Search code examples
pythonpandasdataframekerneljupyter-lab

Pandas: Kernel unexpectedly dies after attempting join() two large dataframes


I am trying to join two datasets that share the same index by using:

merged_data = df1.join(df2)

However, the kernel keeps dying. I've attempted restarting my notebook (jupyter lab) but I think it's related to one of the data frames being about 2GB...

About df1

<class 'pandas.core.frame.DataFrame'>
Index: 97812 entries, XXXX to XXXX
Data columns (total 19 columns):
dtypes: float64(2), int64(3), object(14)
memory usage: 14.9+ MB

about df2

<class 'pandas.core.frame.DataFrame'>
Index: 13888745 entries, XXXX to XXXX
Data columns (total 18 columns):
dtypes: int64(16), object(2)
memory usage: 2.0+ GB

How can I make this work?

I do need all the entries and columns.
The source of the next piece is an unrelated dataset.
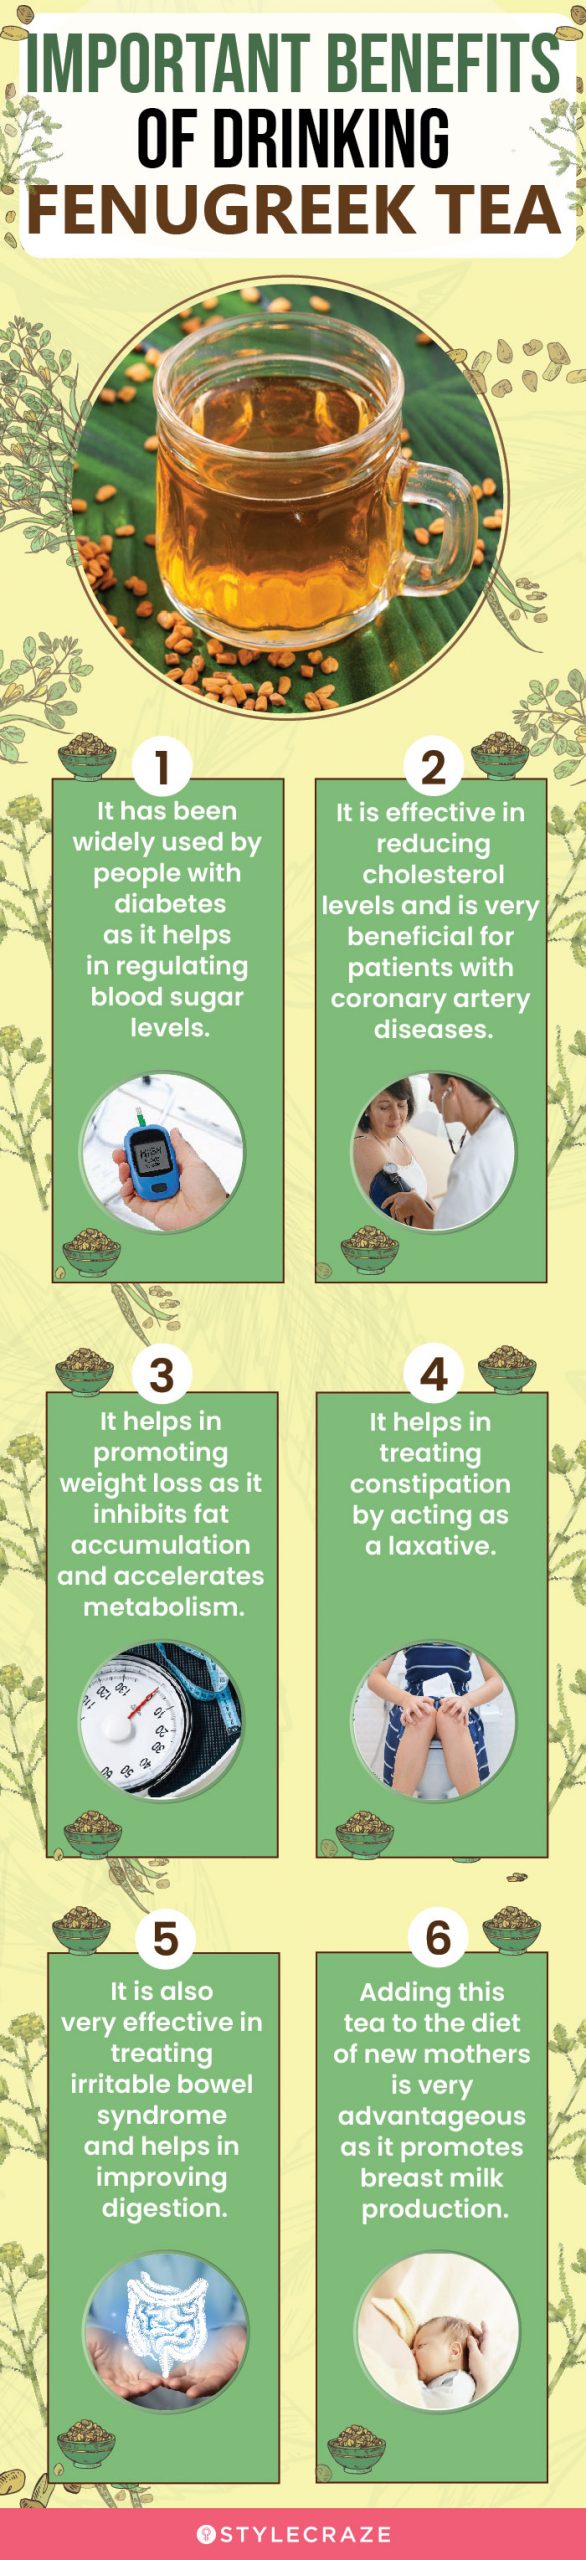 important benefts of drinking fenugreek tea (infographic)

The dataframes don't share columns in common besides the index.

If it is worth knowing... I am using a MacBook Pro (Early 2015) with 2.7 GHz Dual-Core Intel Core i5 (processor) and 8 GB 1867 MHz DDR3 (memory)


Solution

  • If the issue is indeed due to your laptop running out of memory, you could try to use something like dask.

    You can convert your pandas dataframes into dask dataframes using dask.dataframe.from_pandas. Then use the .join method of the dask dataframes, like regular pandas.